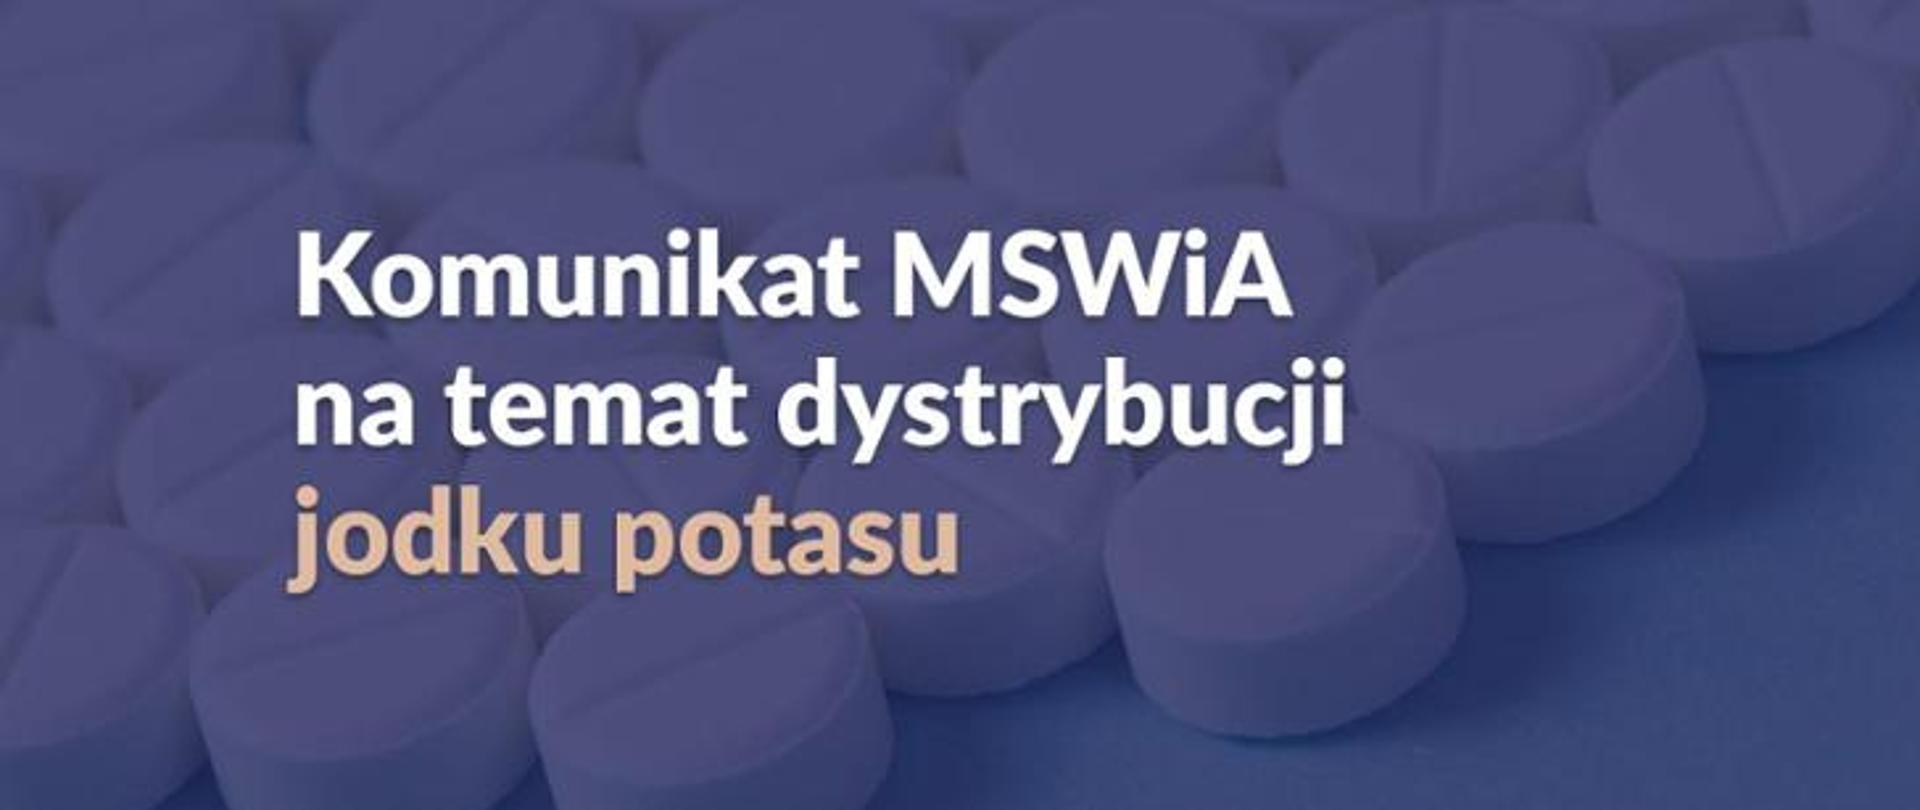 Napis - Komunikat MSWiA na temat dystrybucji jodku potasu
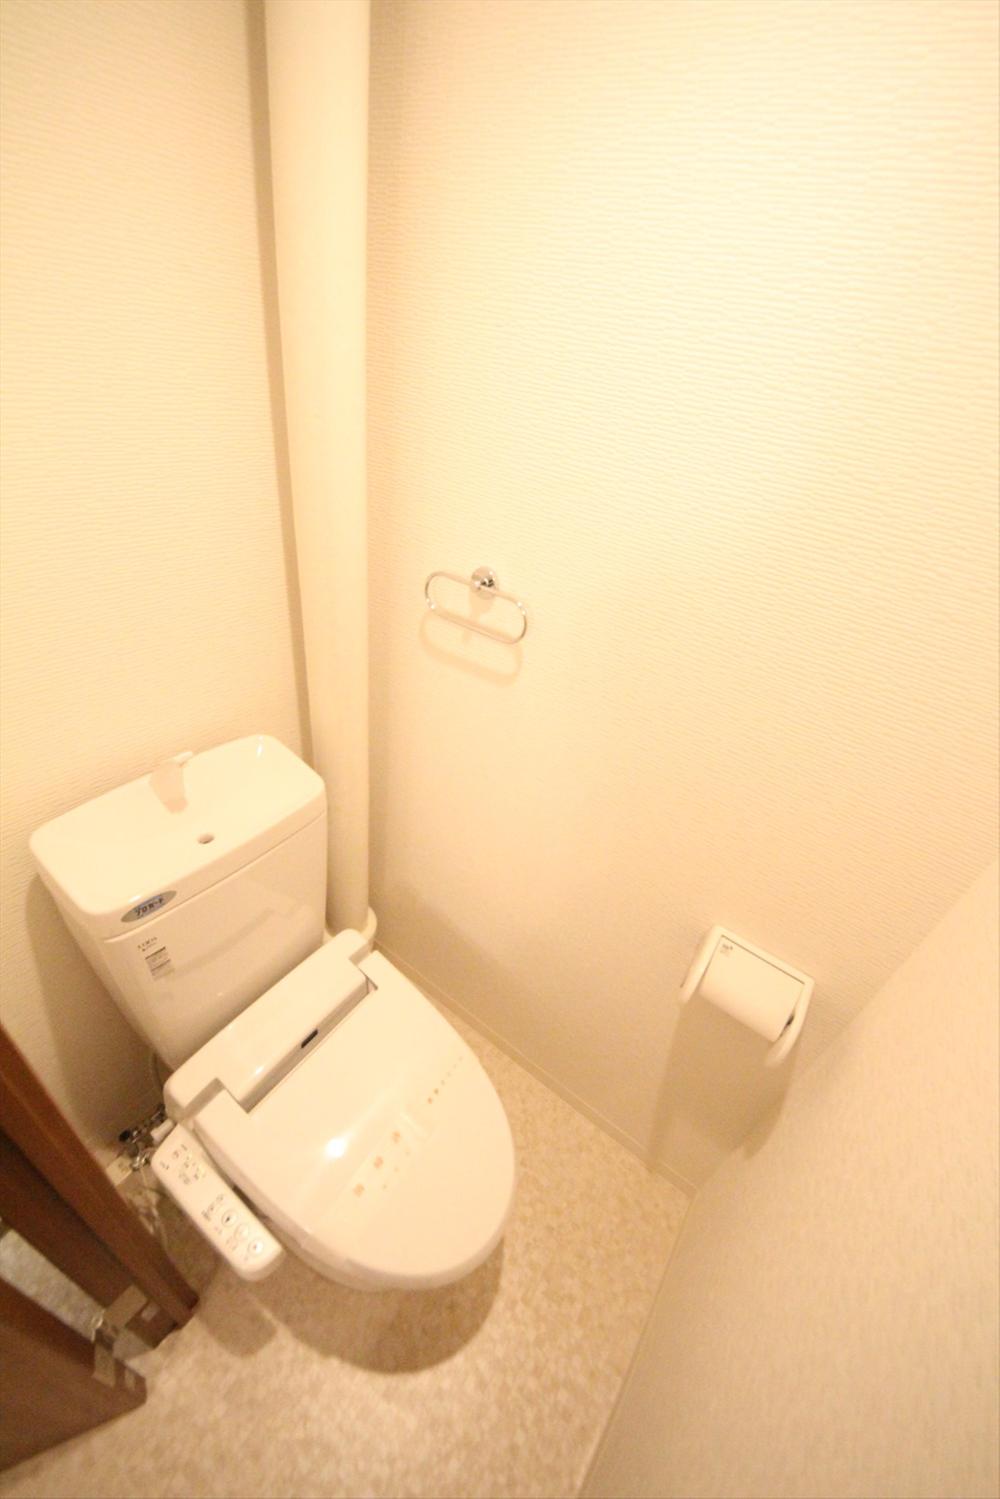 Toilet. (November 2013) Shooting
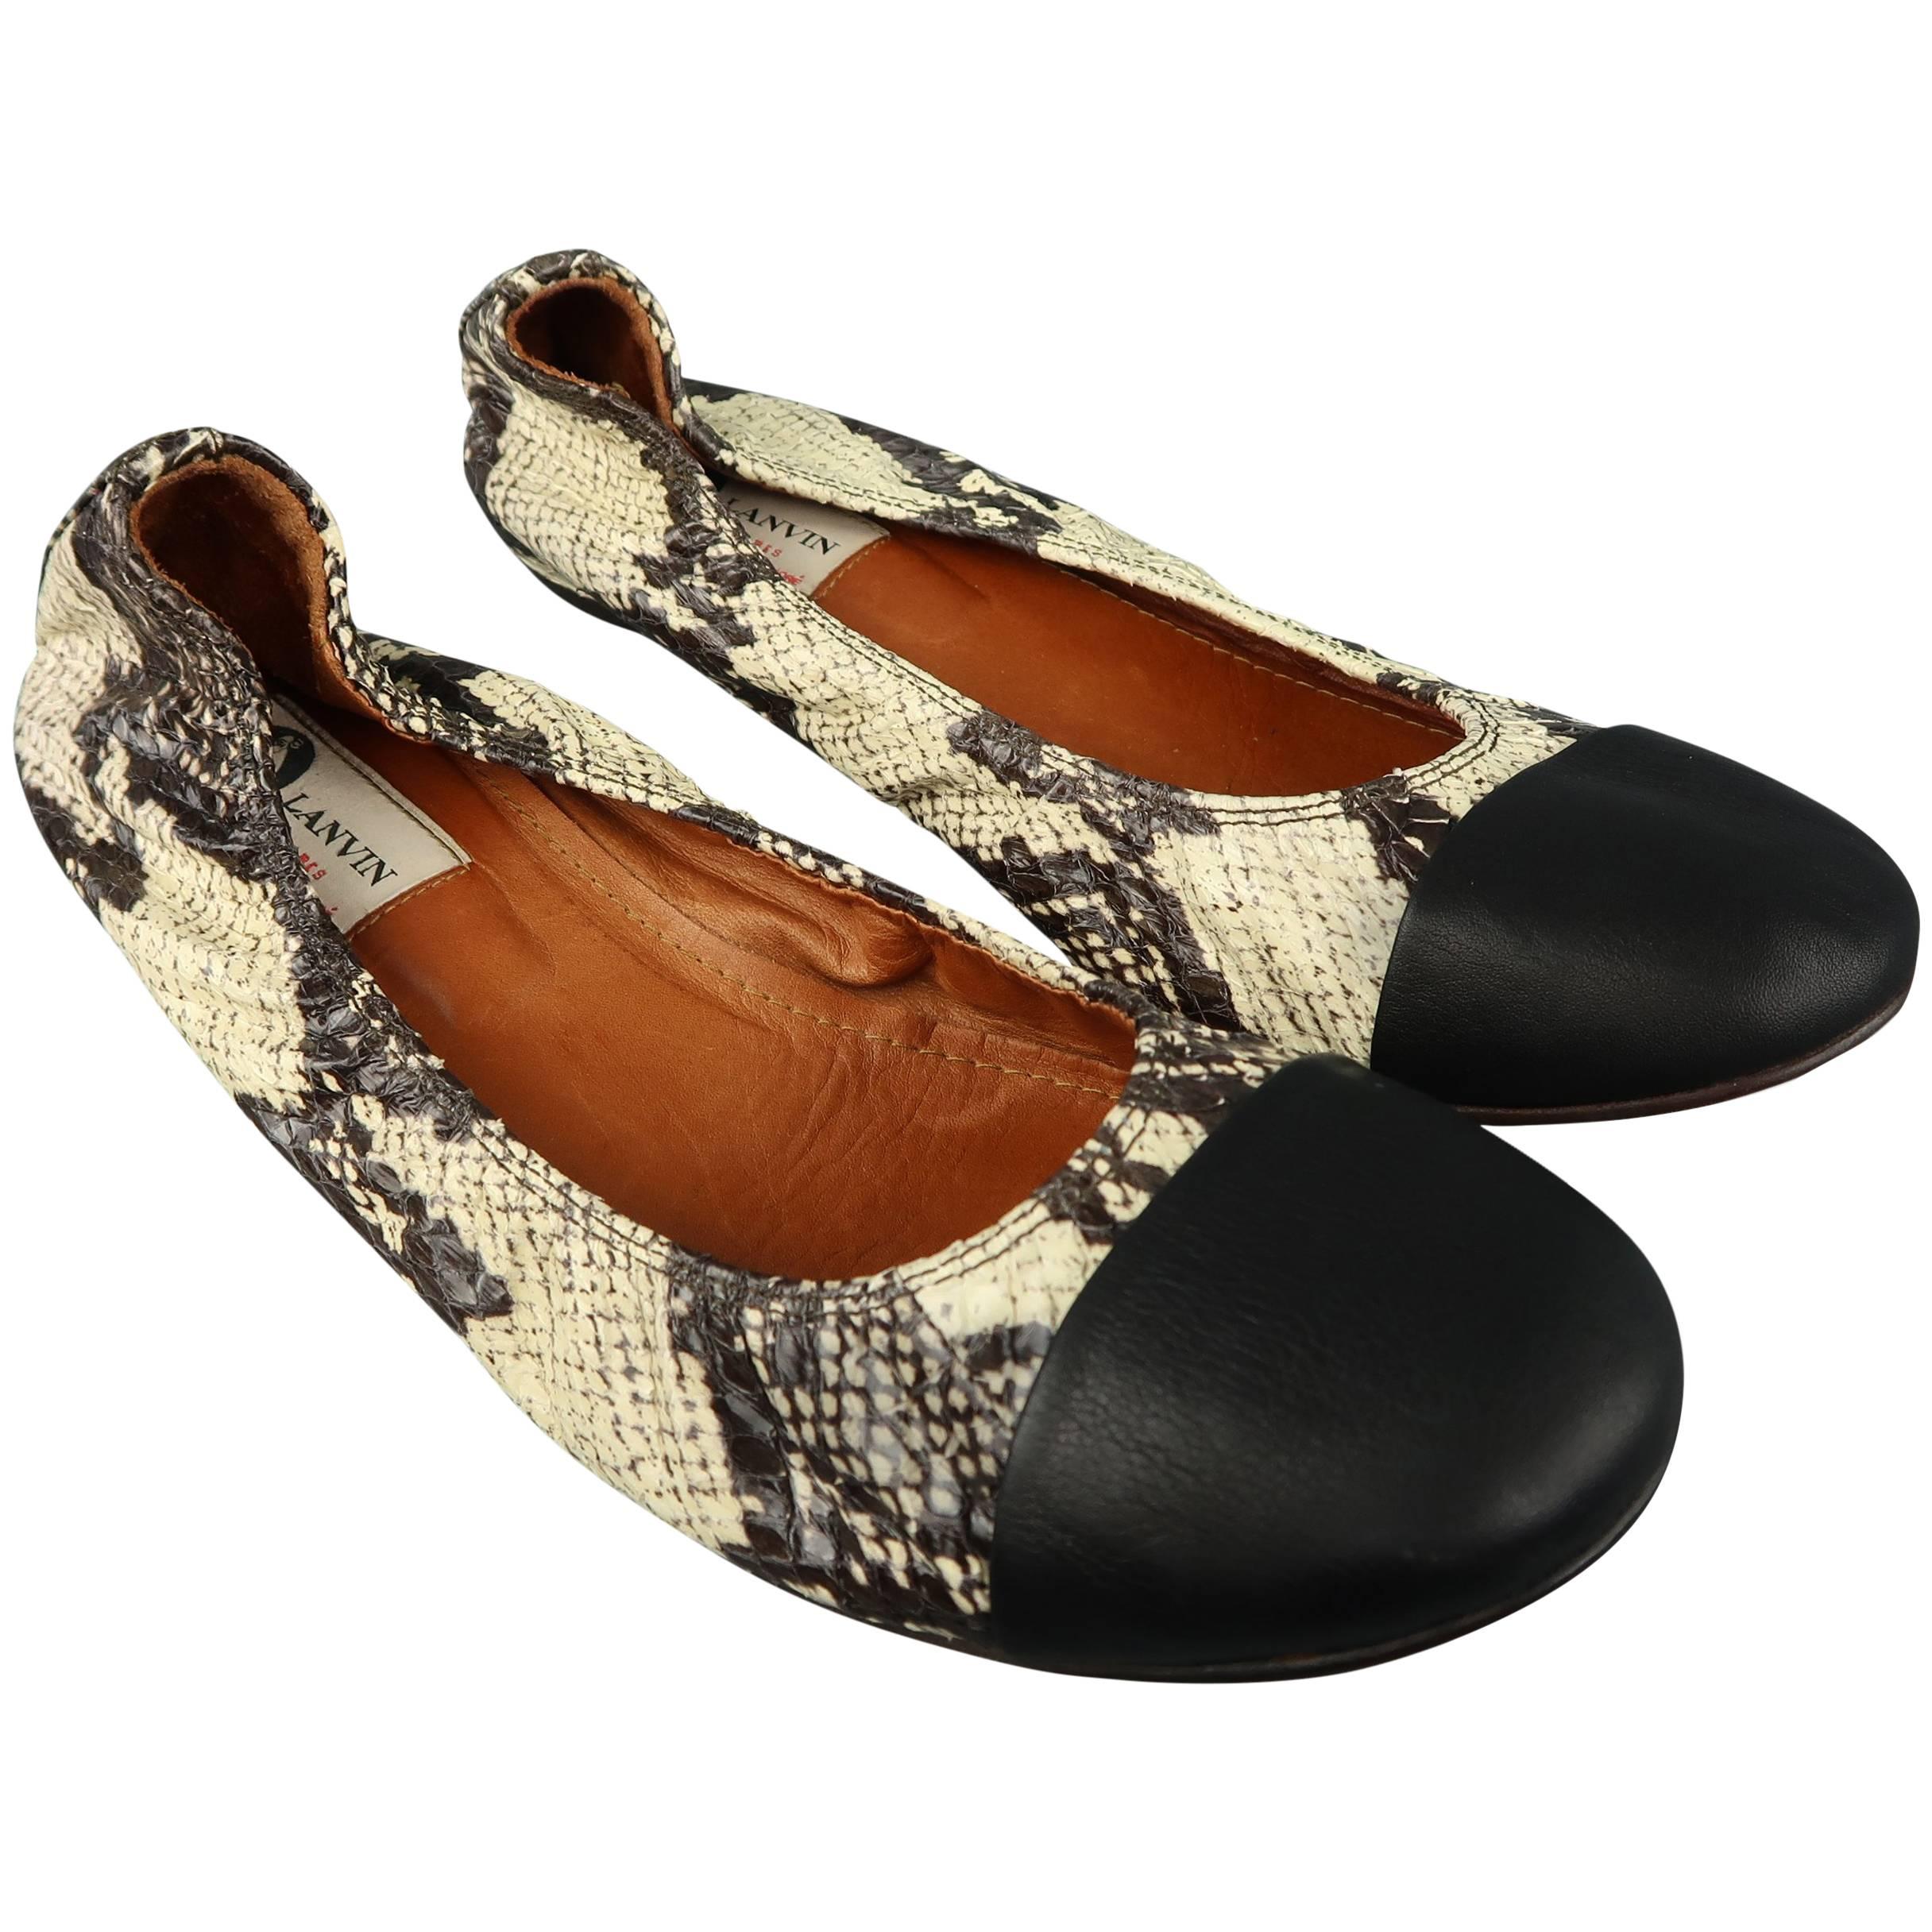 LANVIN Flats Size 10.5 Beige & Black Snake Skin Cap Toe Ballet Shoes
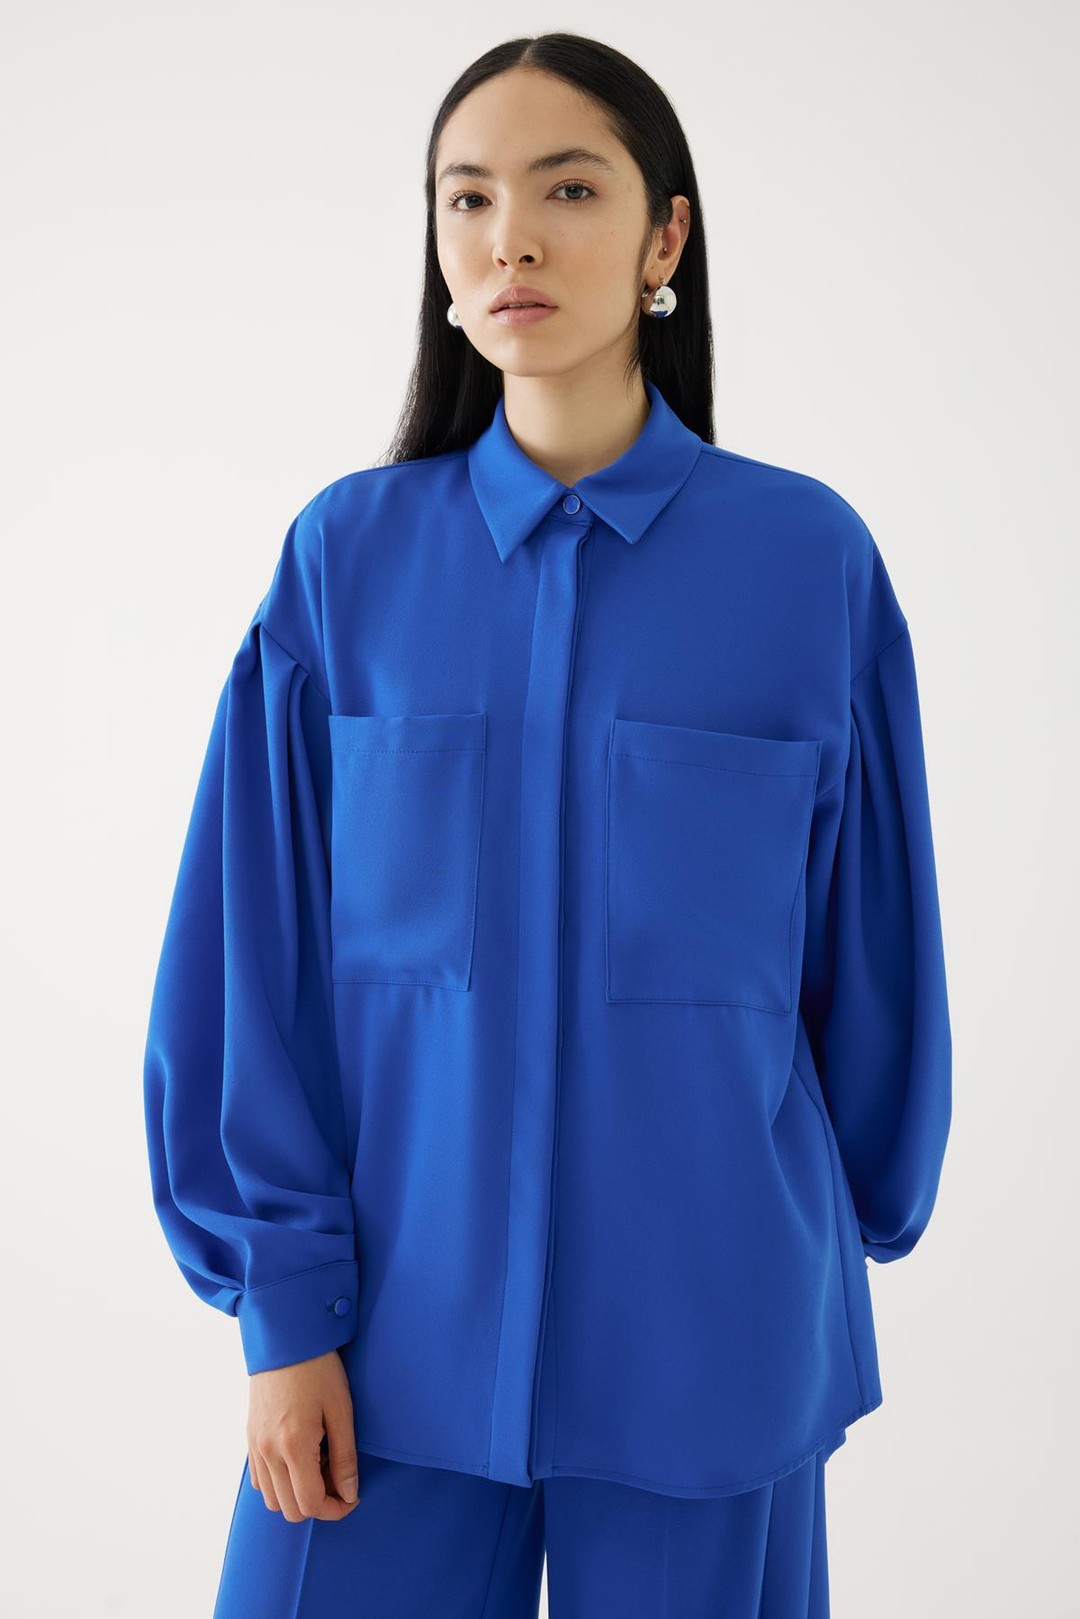 Saxe Blue Shirt 1

Problem details
Leave every image out, and retype the material exactly.

Response below
 Napis - Komunikat MSWiA na temat dystrybucji jodku potasu
 Toilet. (November 2013) Shooting
 LANVIN Flats Size 10.5 Beige & Black Snake Skin Cap Toe Ballet Shoes
 Saxe Blue Shirt 1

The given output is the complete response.